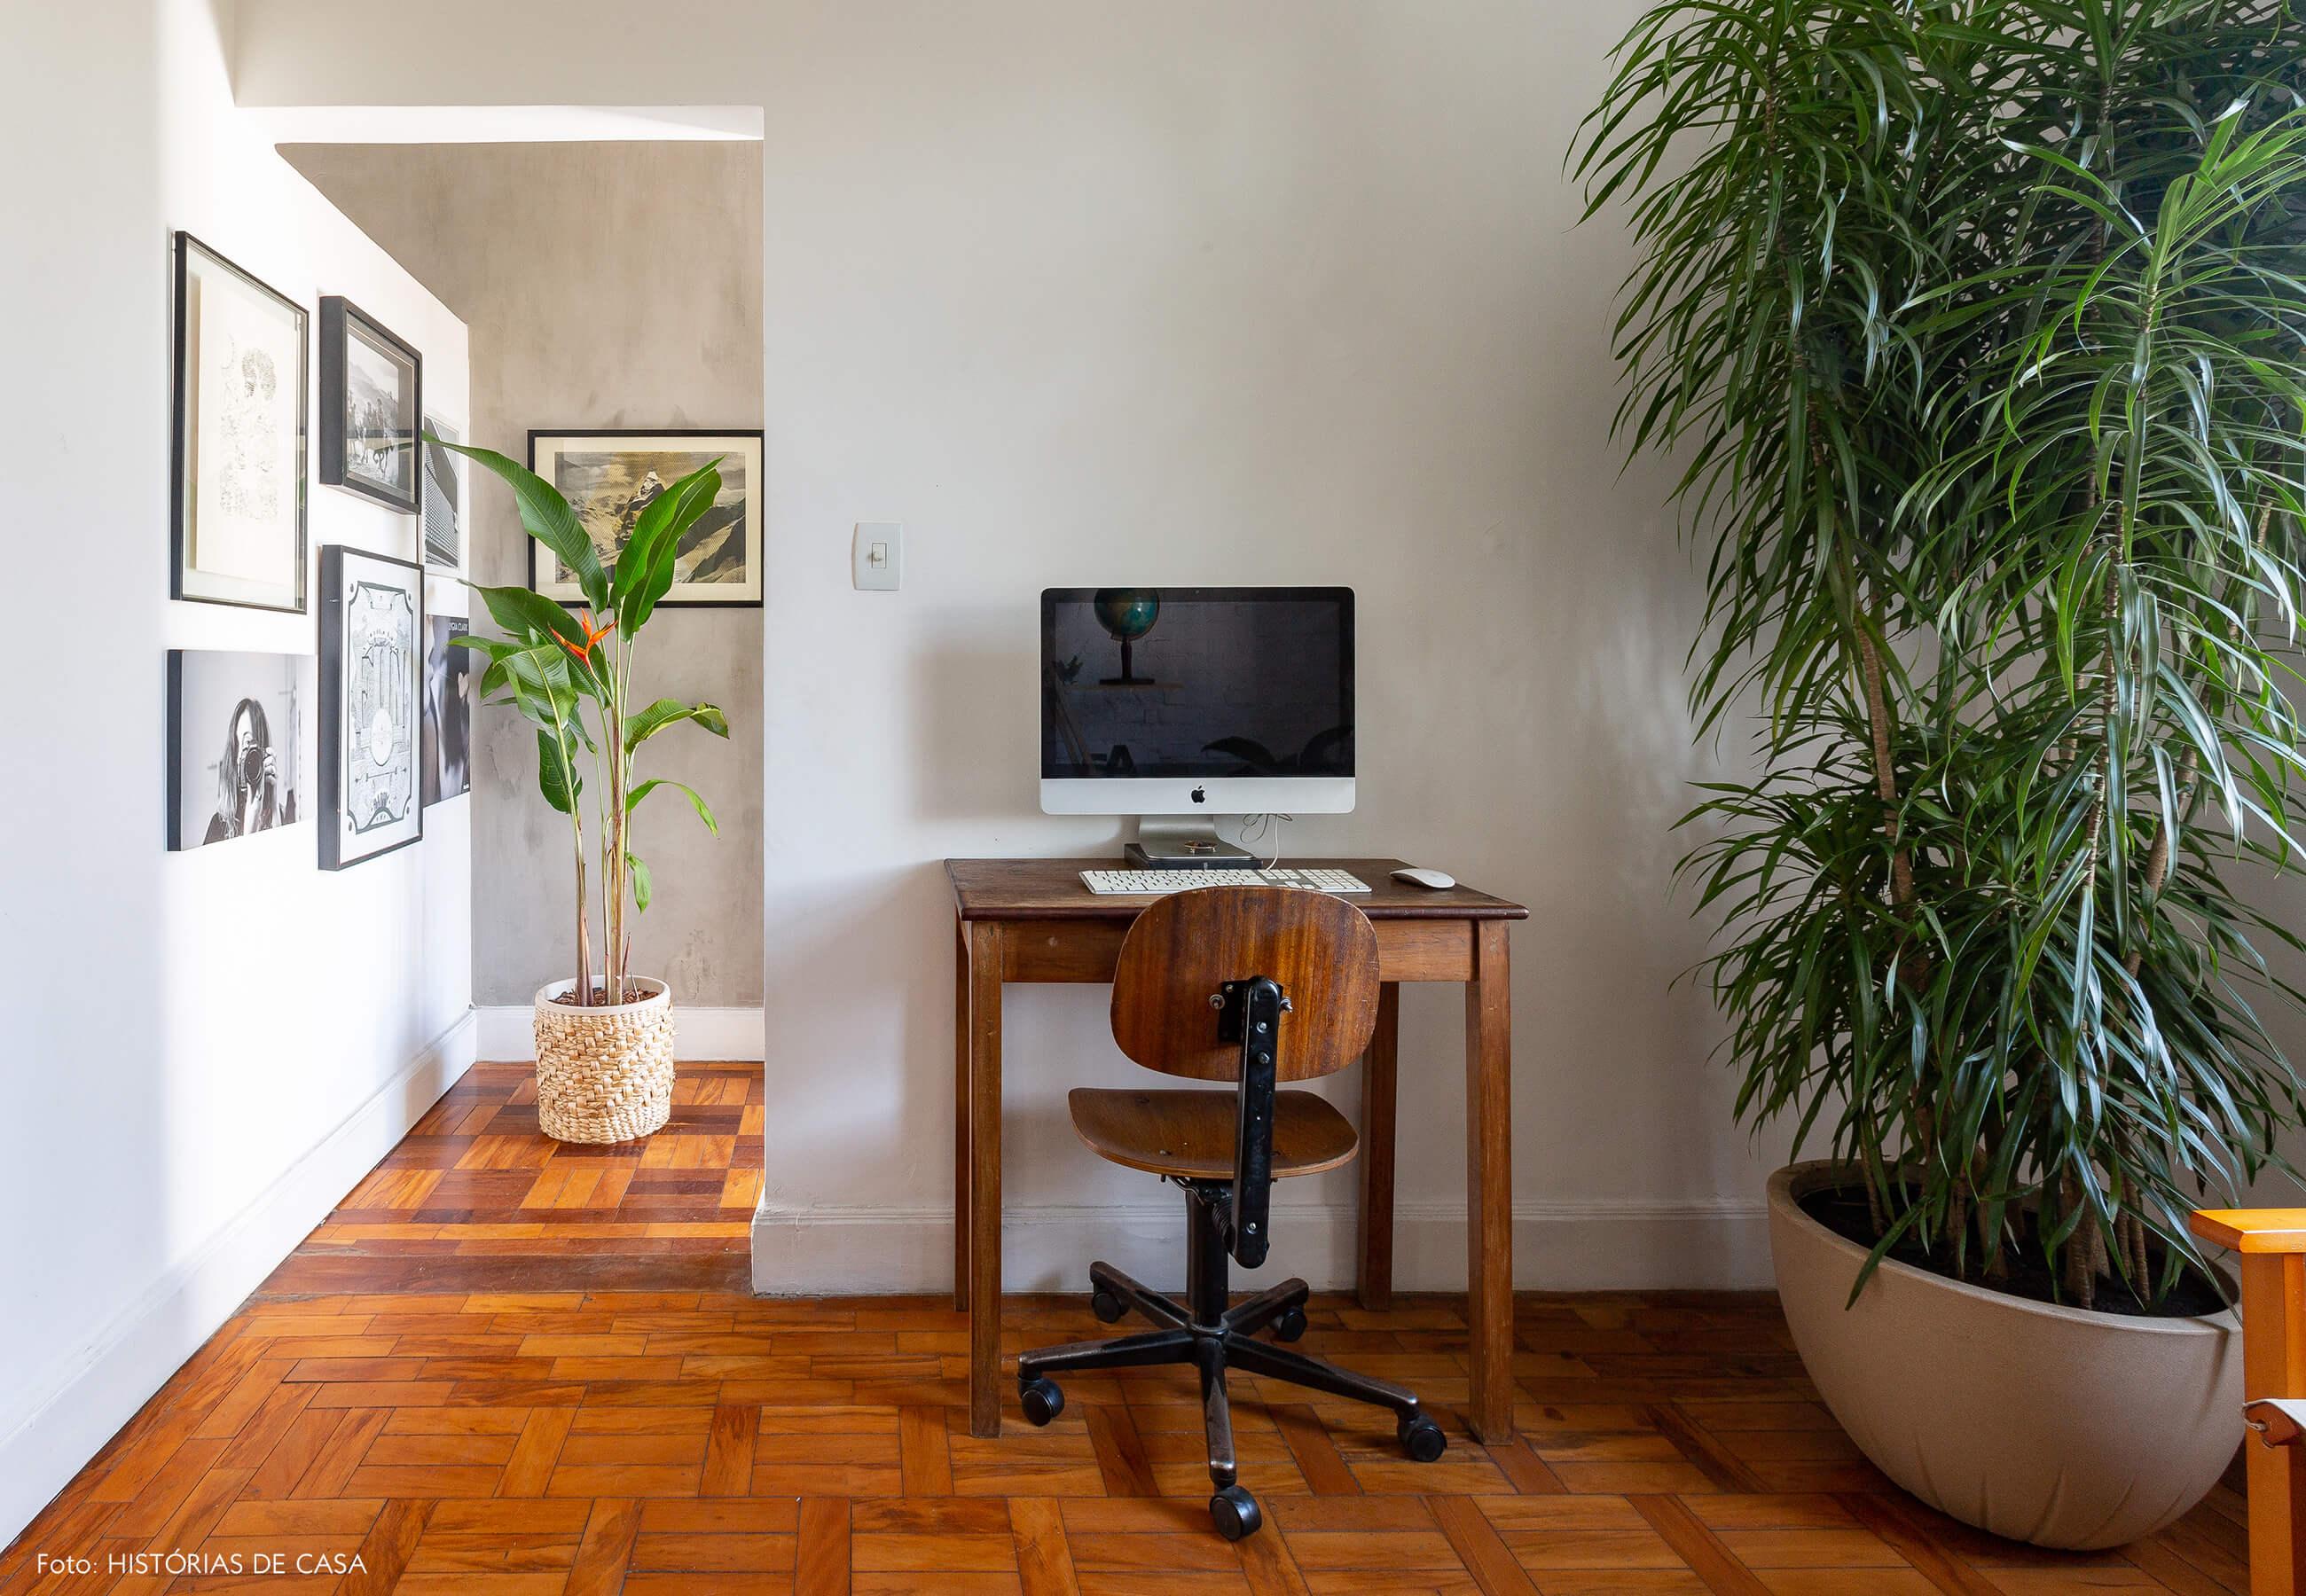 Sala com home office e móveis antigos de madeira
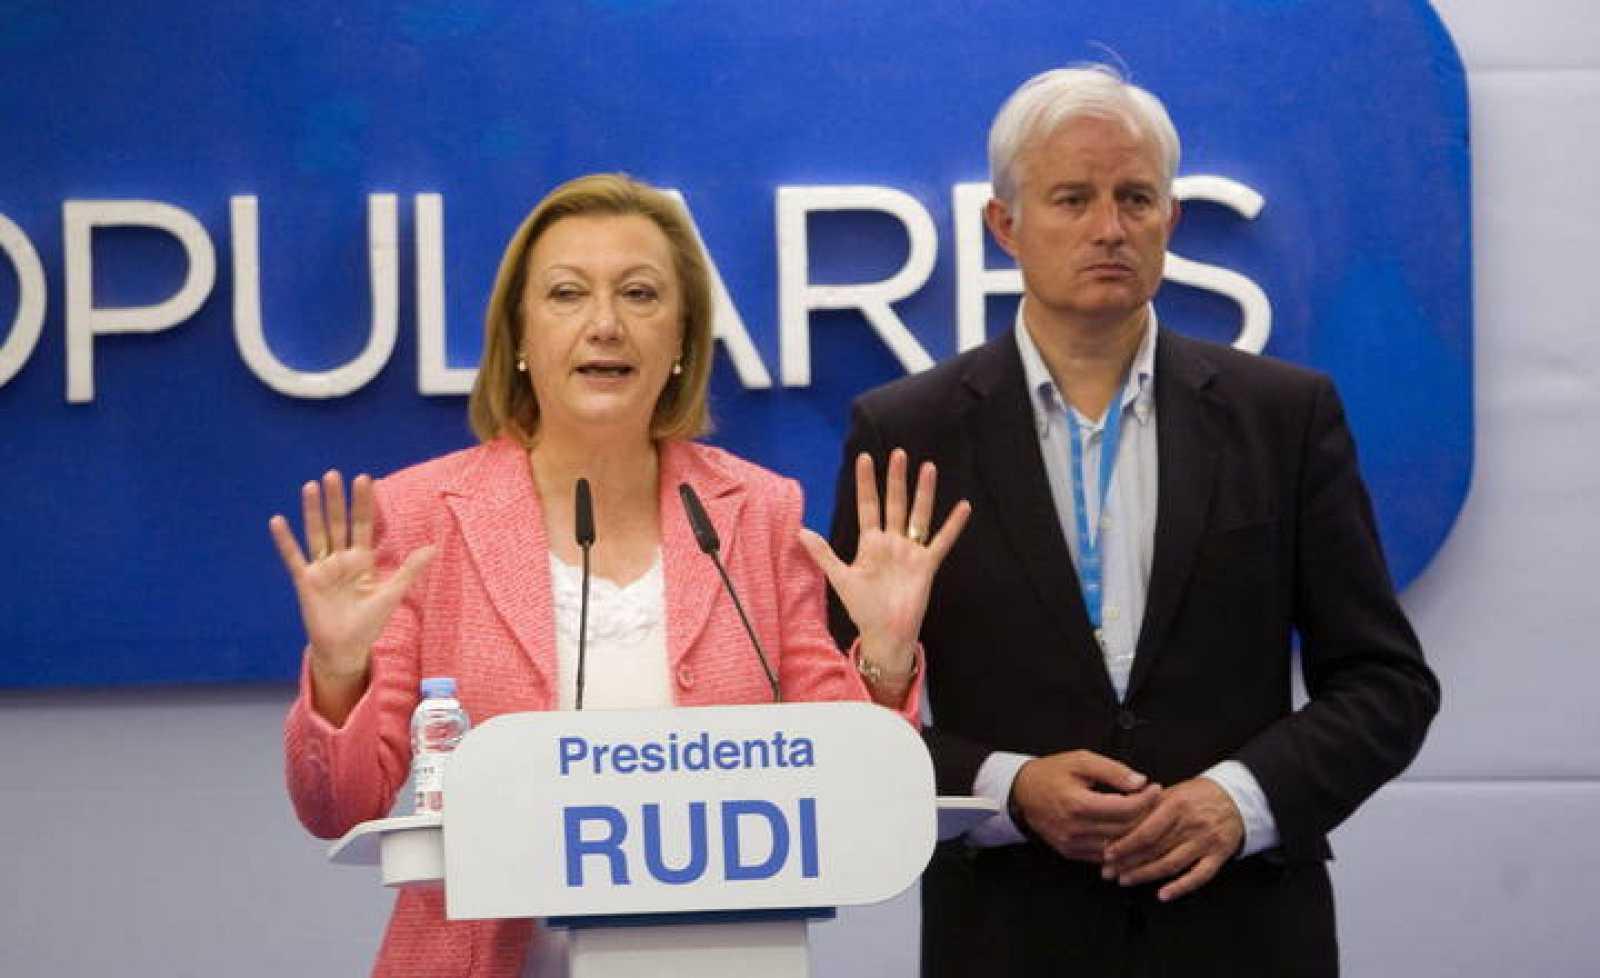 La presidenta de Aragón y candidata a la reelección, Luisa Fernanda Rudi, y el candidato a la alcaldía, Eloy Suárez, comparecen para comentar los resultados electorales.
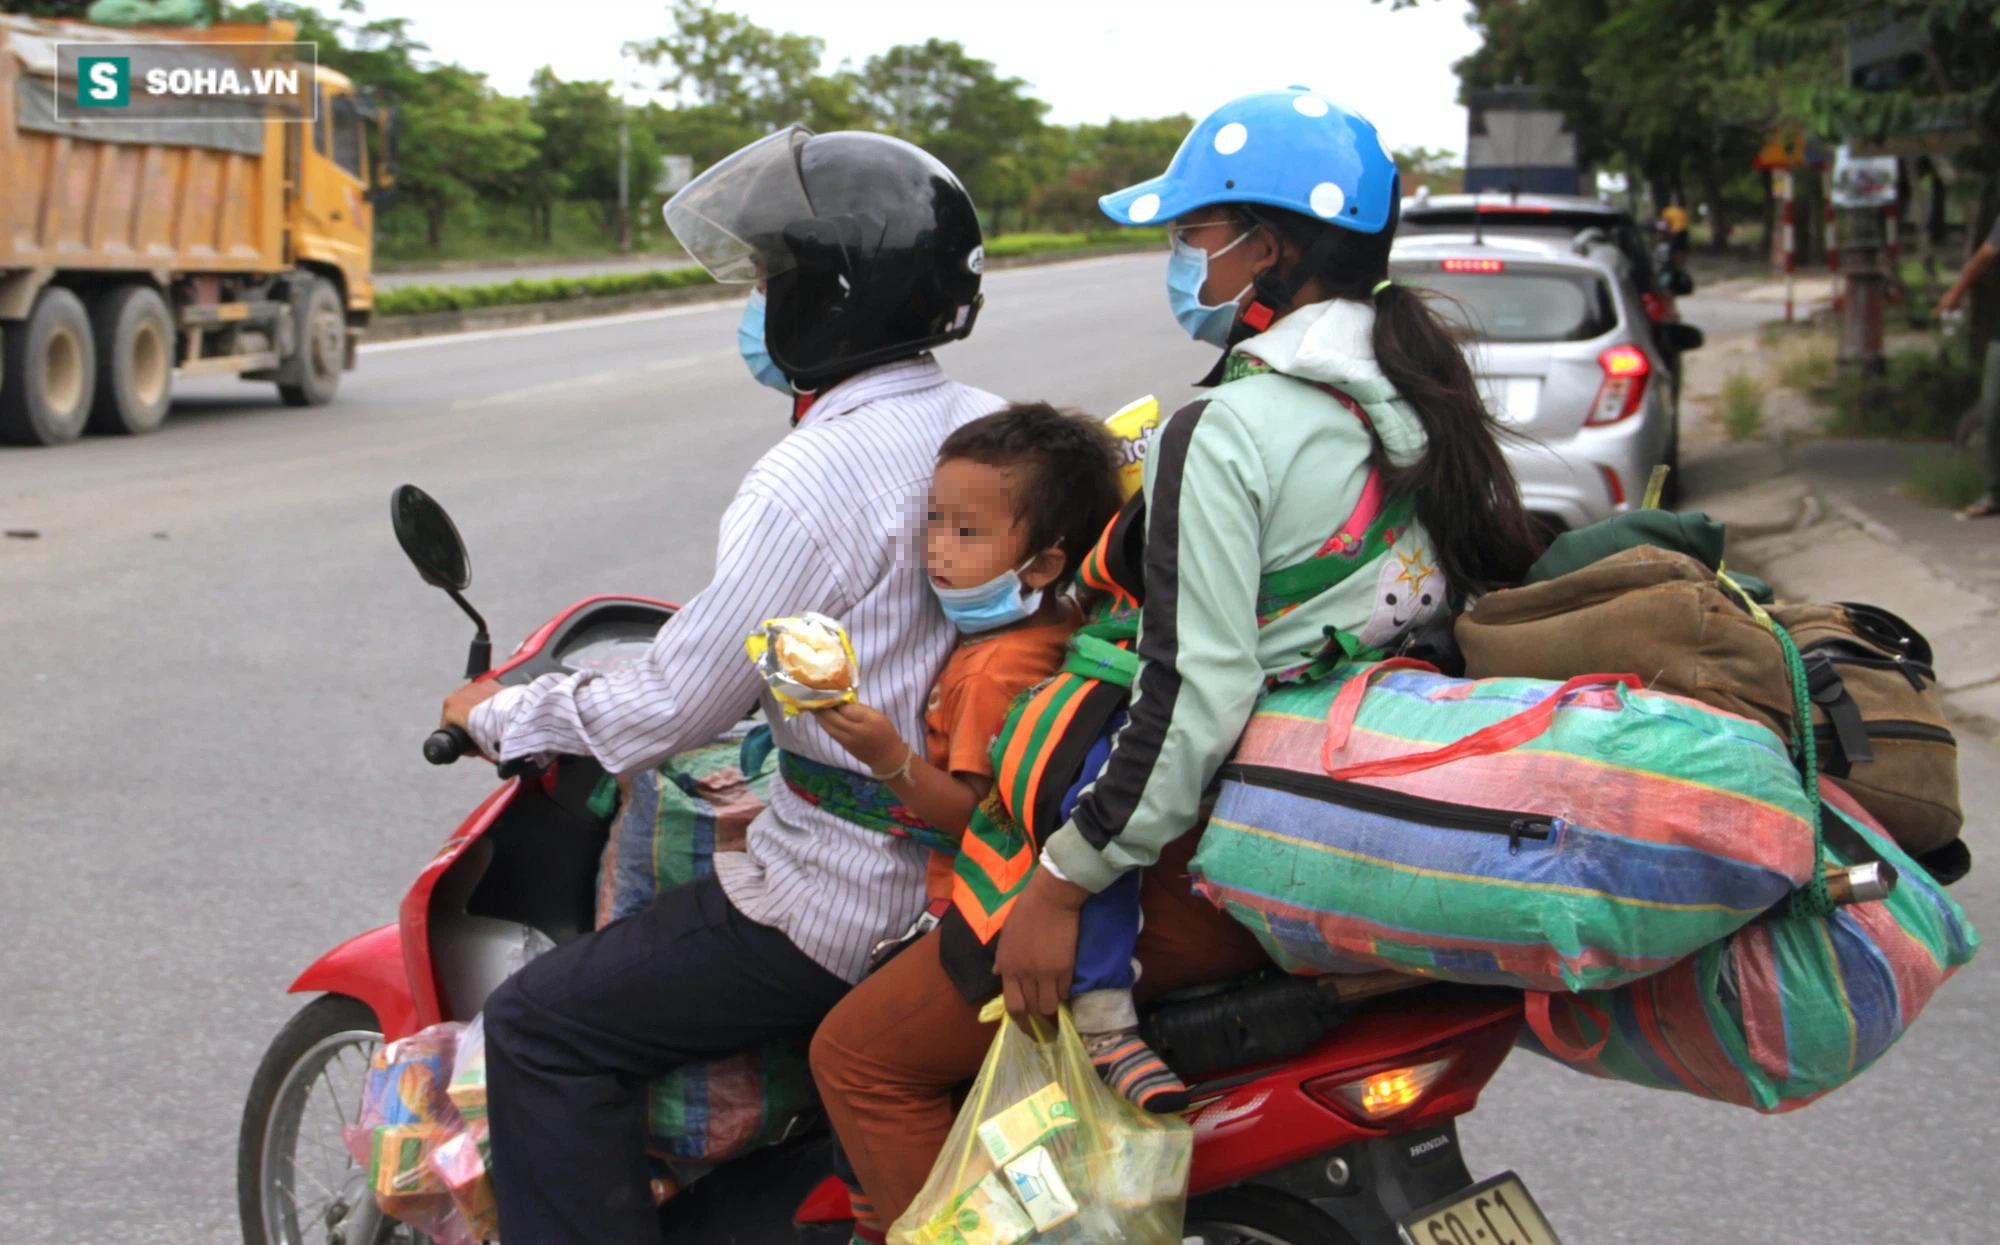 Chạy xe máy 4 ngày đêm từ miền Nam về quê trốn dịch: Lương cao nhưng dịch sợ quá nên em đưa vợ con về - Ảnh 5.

> _Task to carry out_: A faithful, word-for-word copy of the data is needed; the pictures should not appear in it.

> _Task solution_:
 Sala com home office e móveis antigos de madeira
 La presidenta de Aragón y candidata a la reelección, Luisa Fernanda Rudi, y el candidato a la alcaldía, Eloy Suárez, comparecen para comentar los resultados electorales.
 Chạy xe máy 4 ngày đêm từ miền Nam về quê trốn dịch: Lương cao nhưng dịch sợ quá nên em đưa vợ con về - Ảnh 5.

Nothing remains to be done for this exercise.